[DATA FOR ANALYSIS — start]
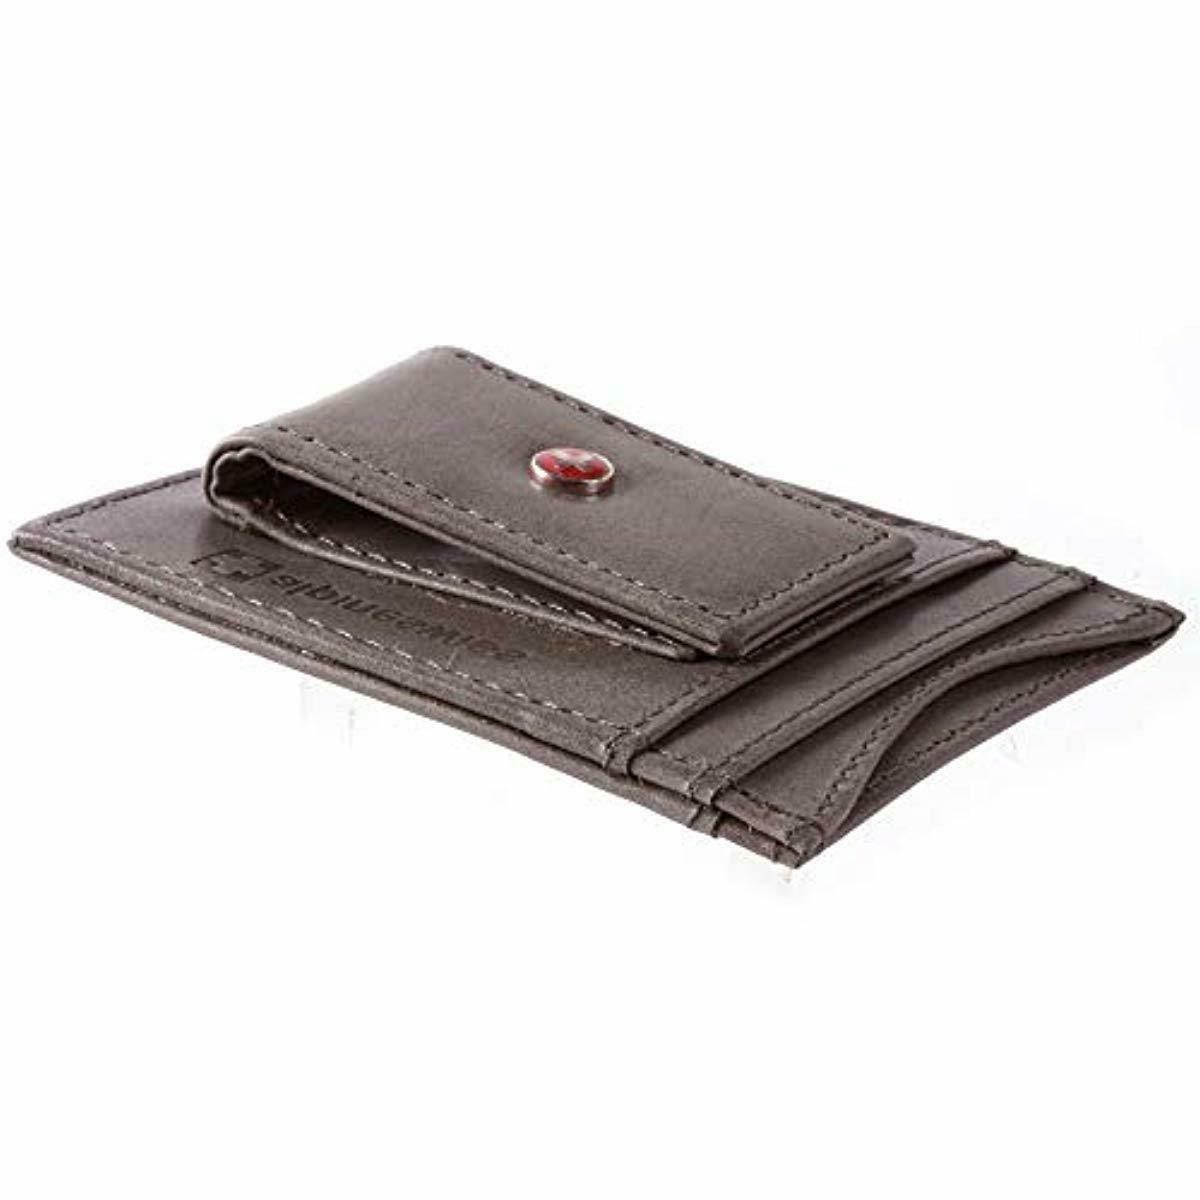 Alpine Leather Money Slim
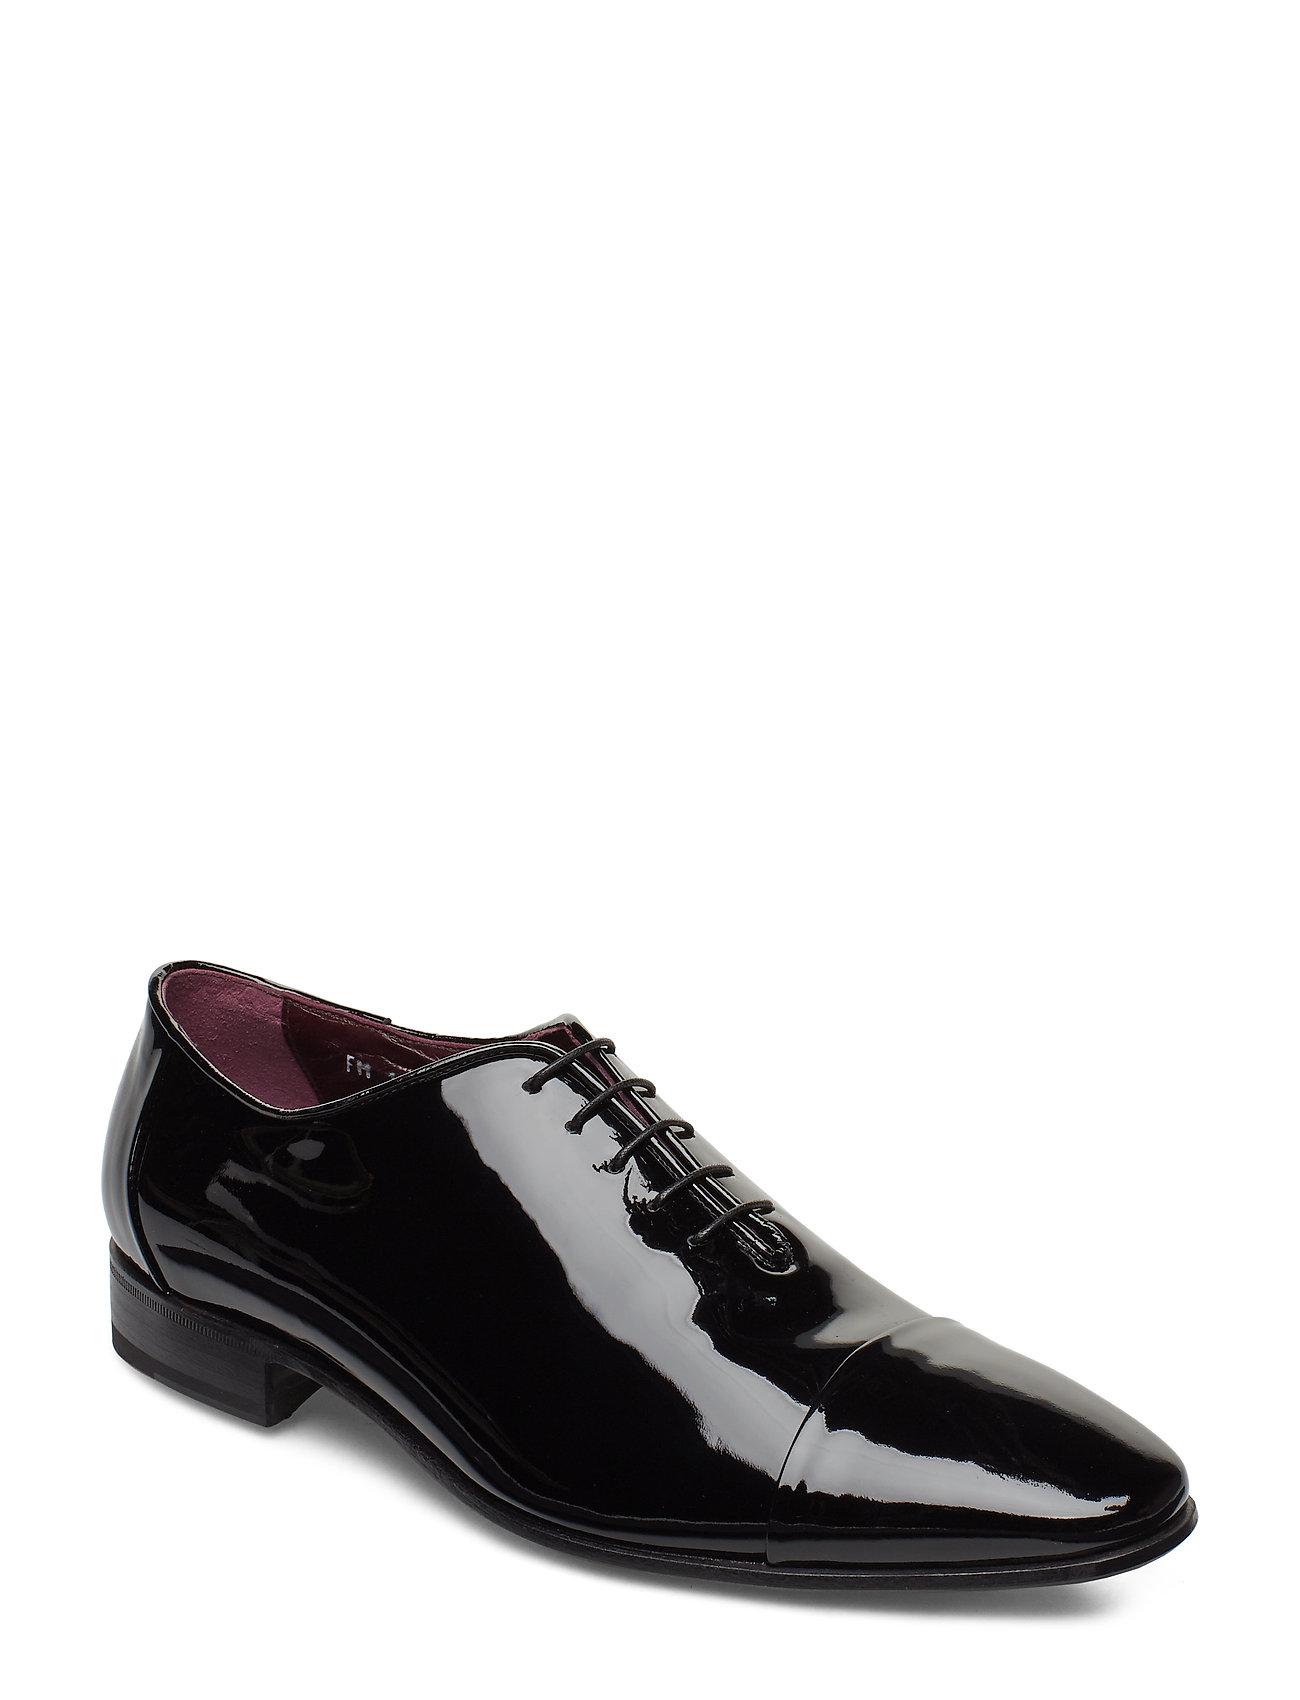 SAND Footwear MW - F261 - BLACK
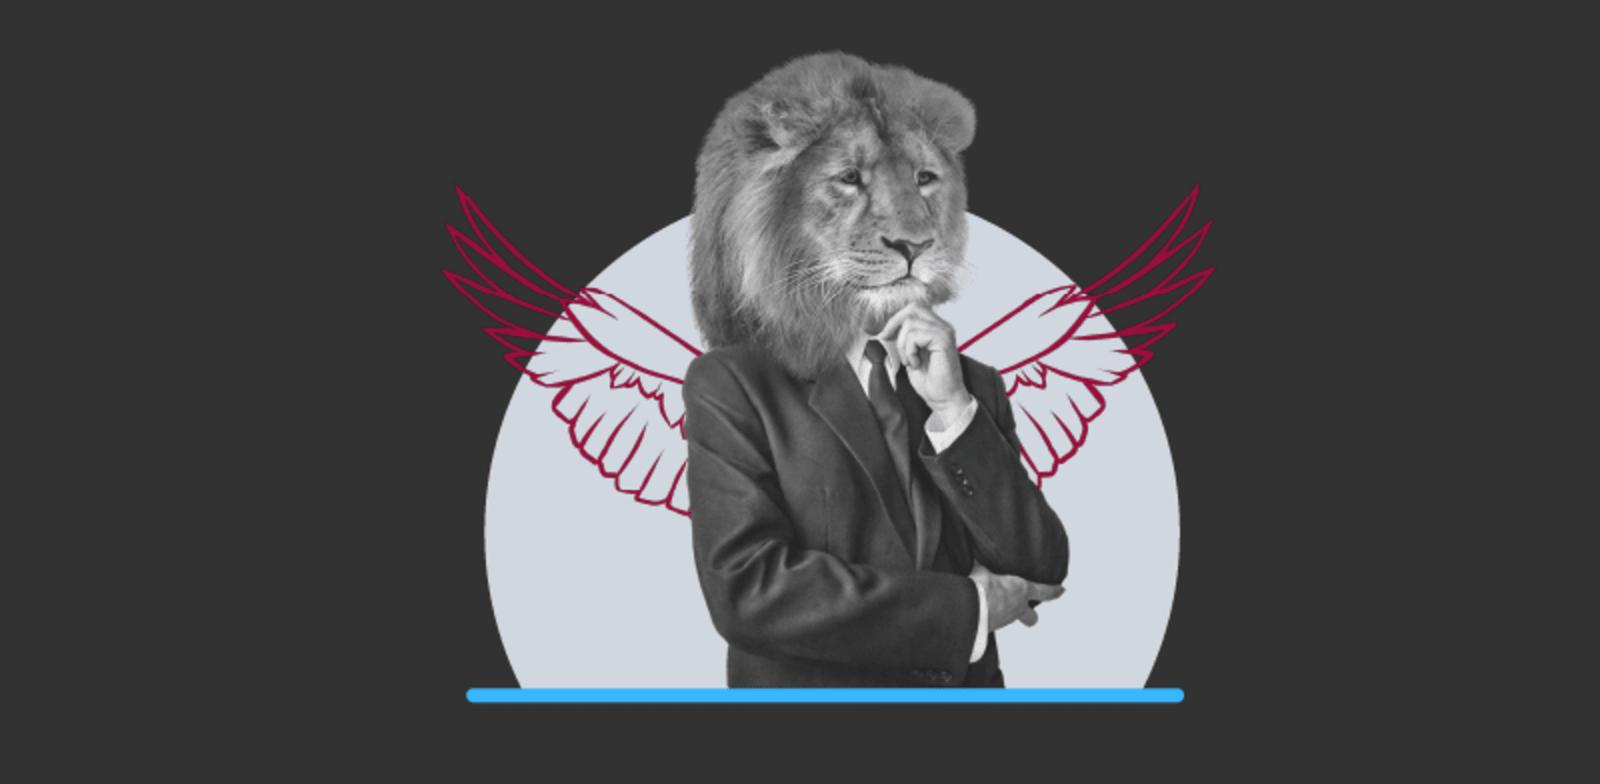 מה אפשר ללמוד מאריה על ניהול / צילום: Shutterstock
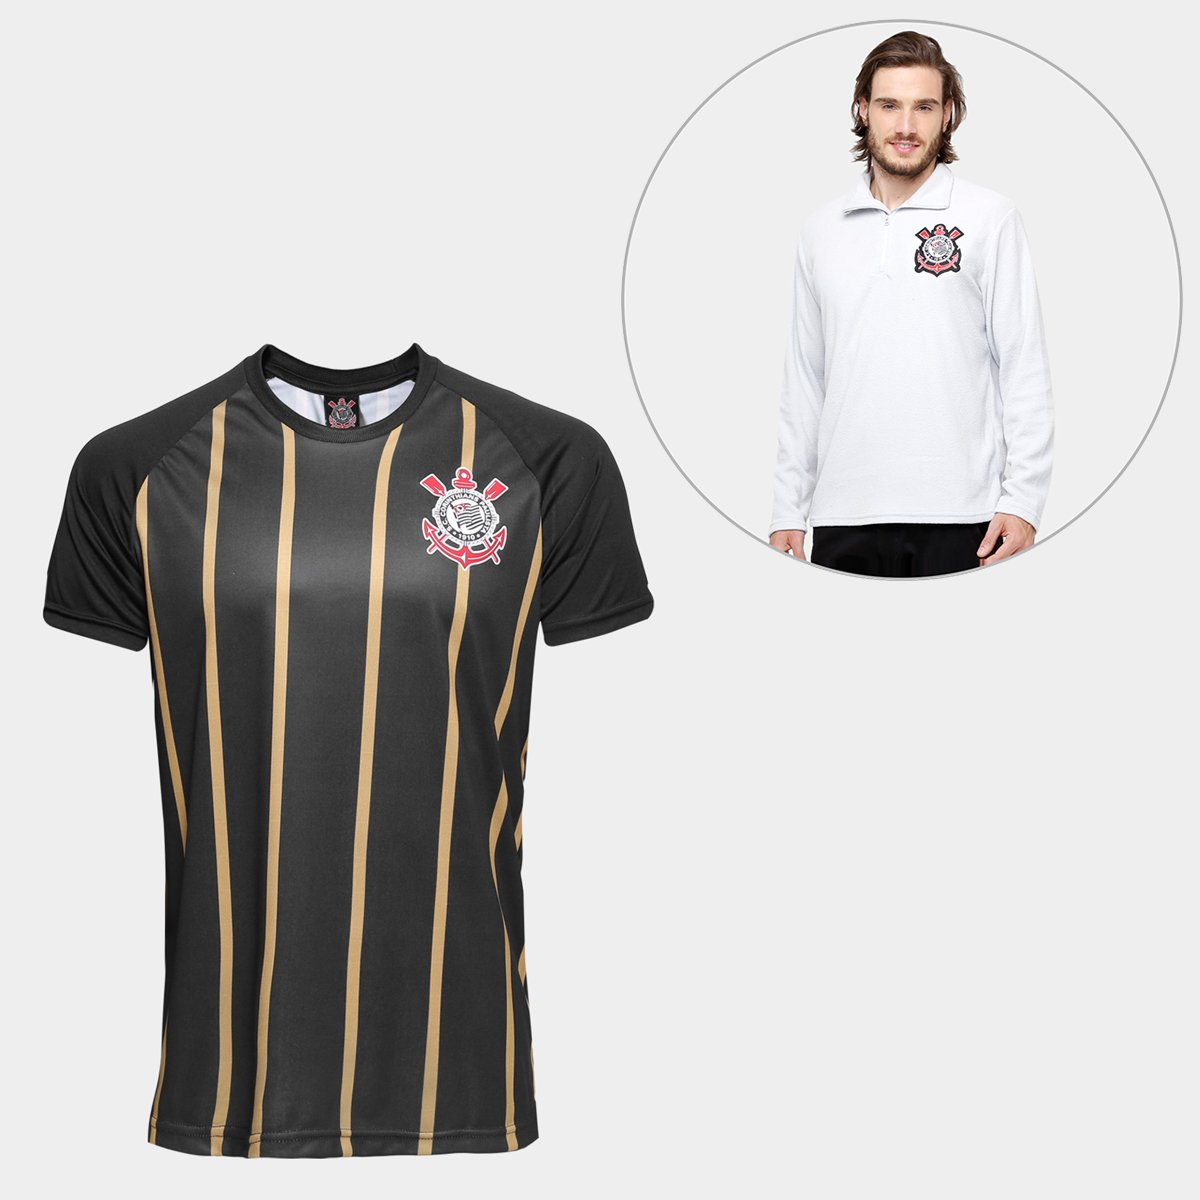 688f02e009 Kit Camisa Corinthians Gold nº10 - Edição Limitada + Blusão Corinthians  Polar Fleece Masculino ...
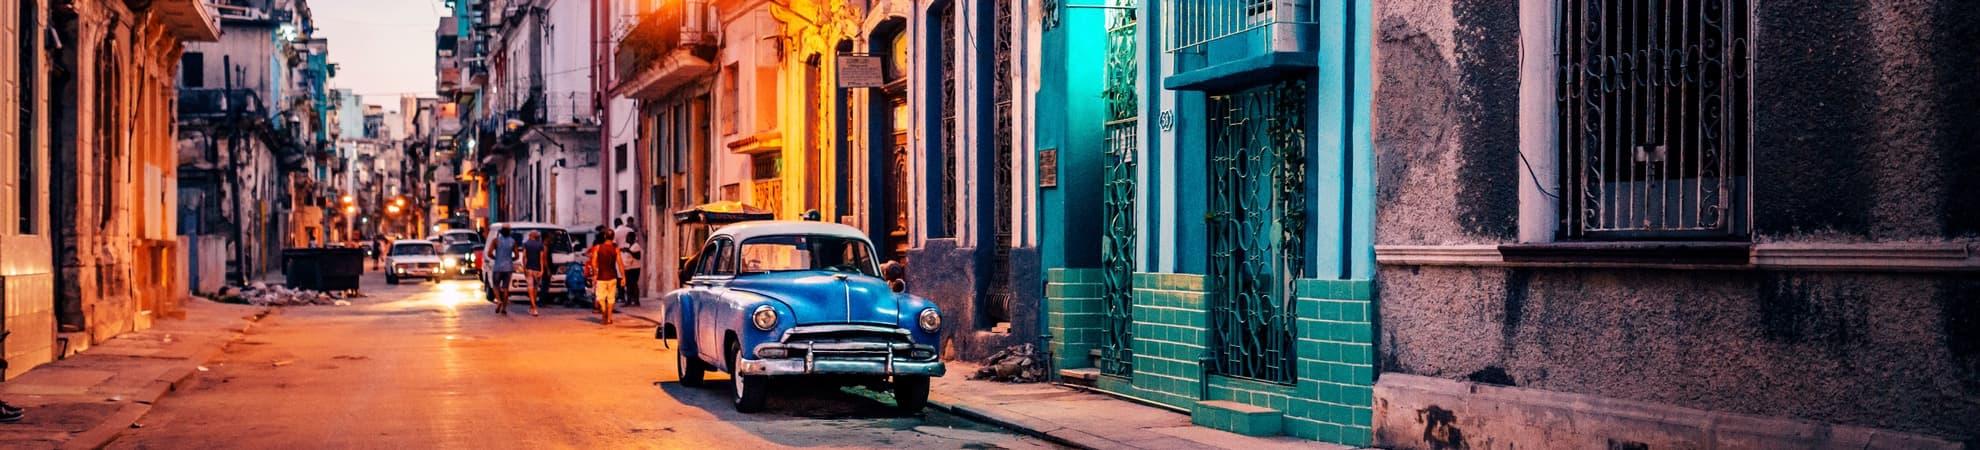 Voyage Cuba
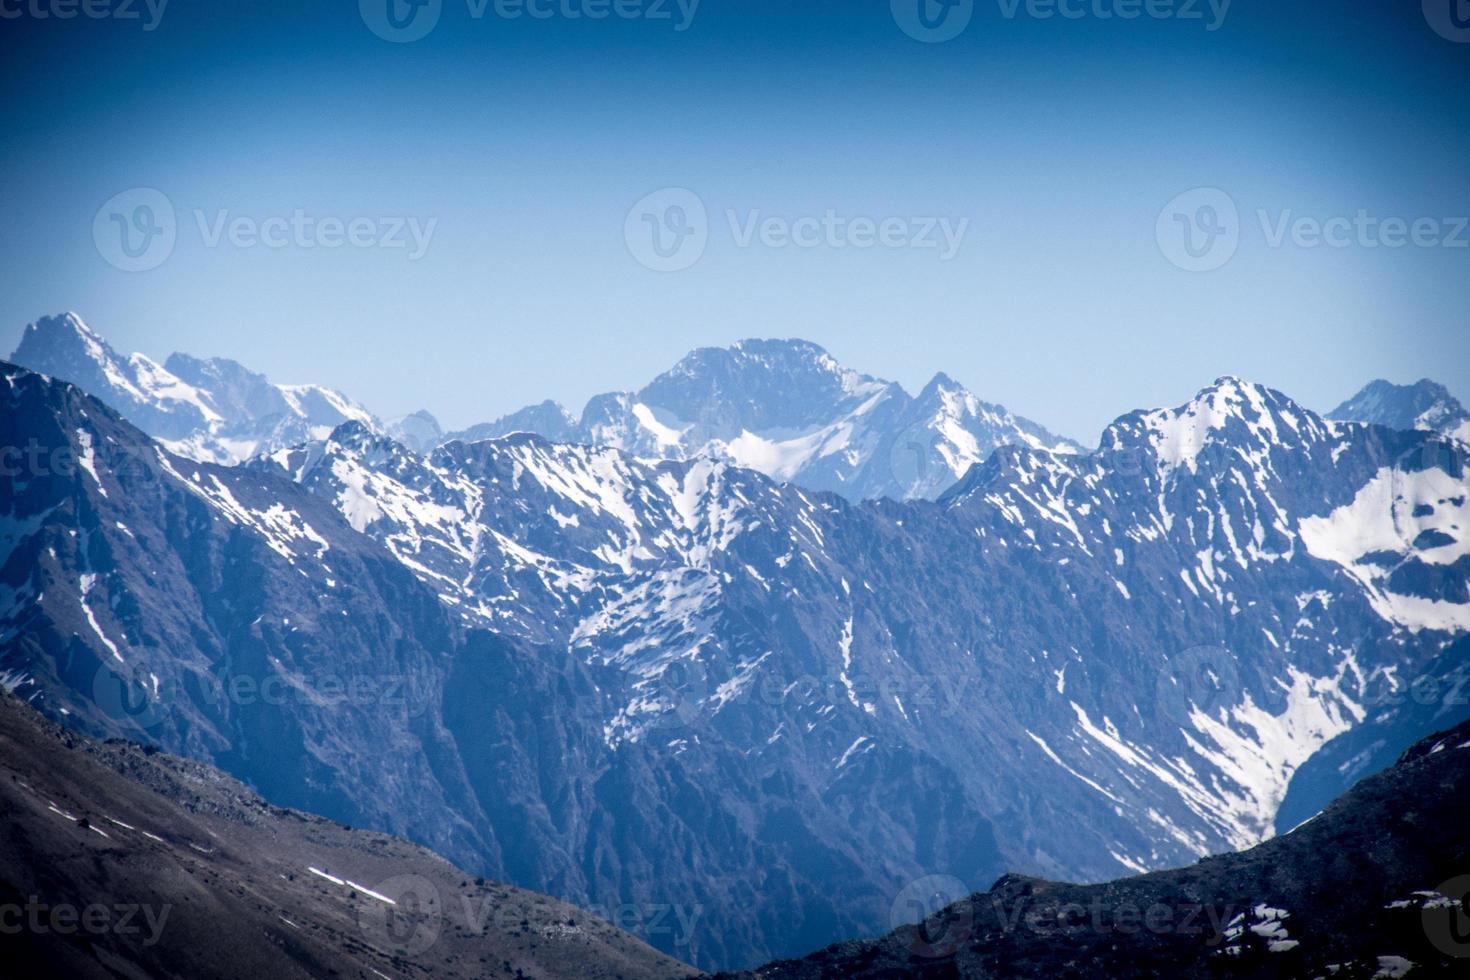 vue sur la montagne dans les alpes photo
[DATA FOR ANALYSIS — finish]
**HOW TO COMPLETE THIS TASK:**
Would you restate word for word only the lines from the line with "מה אפשר ללמוד" to the last line above, with the pictures left out?

**EXERCISE OUTPUT:**
 מה אפשר ללמוד מאריה על ניהול / צילום: Shutterstock
 688f02e009 Kit Camisa Corinthians Gold nº10 - Edição Limitada + Blusão Corinthians  Polar Fleece Masculino ...
 Voyage Cuba
 vue sur la montagne dans les alpes photo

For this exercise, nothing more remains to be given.